Implicit Differentiation Clarification

[Dick]

Looks ok to me.

 

[Asphyxiated]

$$y = sin(xy)$$

$$\frac {dy}{dx} = cos(xy) * (x\frac{dy}{dx} +y)$$

$$\frac {dy}{dx} = (x\frac{dy}{dx})cos(xy)+(y)cos(xy)$$

$$\frac {dy}{dx}(1 -(x)cos(xy))= (y)cos(xy)$$

$$\frac {dy}{dx}= \frac{y*cos(xy)} {1 -x*cos(xy)}$$

 

[Asphyxiated]

And another:

$$x = cos^{2} (y)$$

$$1 = (2cos(y))(-sin(y))(\frac{dy}{dx})$$

$$\frac {1} {(2cos(y))(-sin(y))} = \frac {dy}{dx}$$

 

[Asphyxiated]

Hopefully getting the hang of this:

$$y = e^{x+2y}$$

$$\frac {dy}{dx} = e^{x+2y} * (1+2\frac{dy}{dx})$$

$$\frac {dy}{dx} = e^{x+2y} + 2\frac{dy}{dx}e^{x+2y}$$

$$\frac {dy}{dx} - 2\frac{dy}{dx}e^{x+2y} = e^{x+2y}$$

$$\frac {dy}{dx}(1 - 2e^{x+2y}) = e^{x+2y}$$

$$\frac {dy}{dx} = \frac {e^{x+2y}} {(1 - 2e^{x+2y})}$$

 

[Dick]

Yes, I think you've gotten the hang of it.

 

[Asphyxiated]

One more for good measure?
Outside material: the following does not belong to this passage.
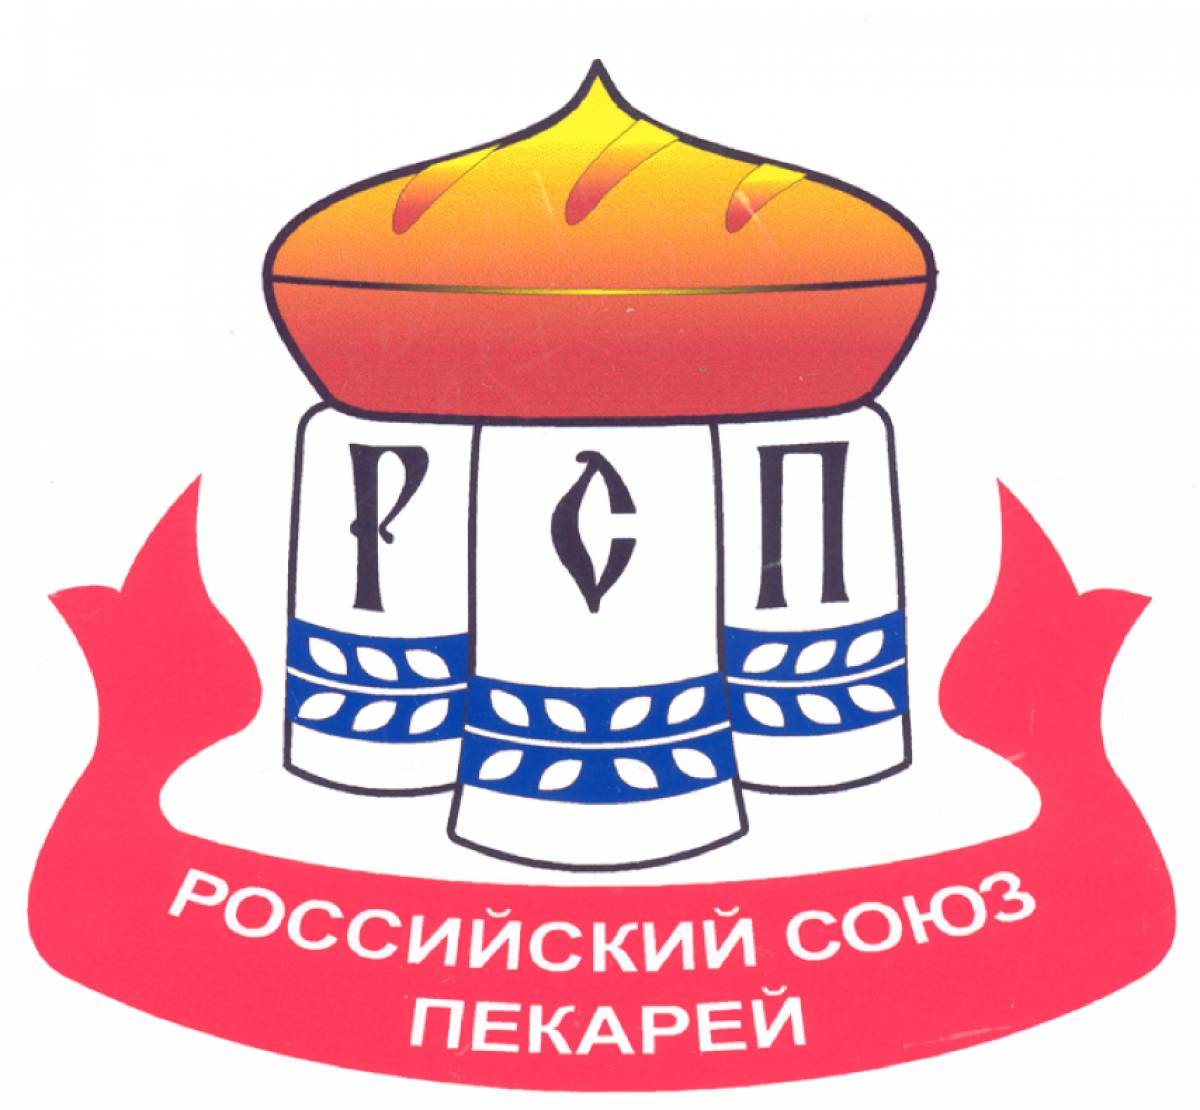 Одно из важных направлений работы – создание региональных отделений Российского союза пекарей.

It's the last question in the section any way

$$y^{2} = ln (2x+3y)$$

$$2y\frac{dy}{dx} = \frac {1} {2x+3y} * (2+3\frac{dy}{dx})$$

$$2y\frac{dy}{dx} = \frac {2} {2x+3y} + \frac {3}{2x+3y}\frac{dy}{dx}$$

$$2y\frac{dy}{dx} - \frac {3}{2x+3y}\frac{dy}{dx} = \frac {2} {2x+3y}$$

$$\frac{dy}{dx}(2y - \frac {3}{2x+3y})= \frac {2} {2x+3y}$$

which is to say:

$$\frac{dy}{dx}(\frac {(2y)(2x+3y)}{2x+3y} - \frac {3}{2x+3y})= \frac {2} {2x+3y}$$

$$\frac{dy}{dx}(\frac {(2y)(2x+3y)-3}{2x+3y})= \frac {2} {2x+3y}$$

$$\frac{dy}{dx}= \frac {\frac {2} {2x+3y}} {\frac {(2y)(2x+3y)-3}{2x+3y}}$$

$$\frac{dy}{dx}= \frac {2} {2x+3y} *\frac {2x+3y}{(2y)(2x+3y)-3}$$

$$\frac{dy}{dx}= \frac {(2)(2x+3y)} {(2x+3y)(2y)(2x+3y)-3}$$

$$\frac{dy}{dx}= \frac{2} {(2y)(2x+3y)-3}$$

 

[Dick]

Last one?? Promise? That one looks good to me.

 

[Asphyxiated]

Yep that's the last one, thanks 1000x for all the help and patience Dick!

 

[Dick]

Very welcome. It's nice to see someone learn from mistakes and learn not to repeat them. Wish that happened more often around here. You are welcome back anytime!

 

[Asphyxiated]

Oh I am sure that I will have more questions soon enough as I am only on chapter 3 of 13 in this particular book, but I am glad to hear that I didn't ask too many questions as I had suspected.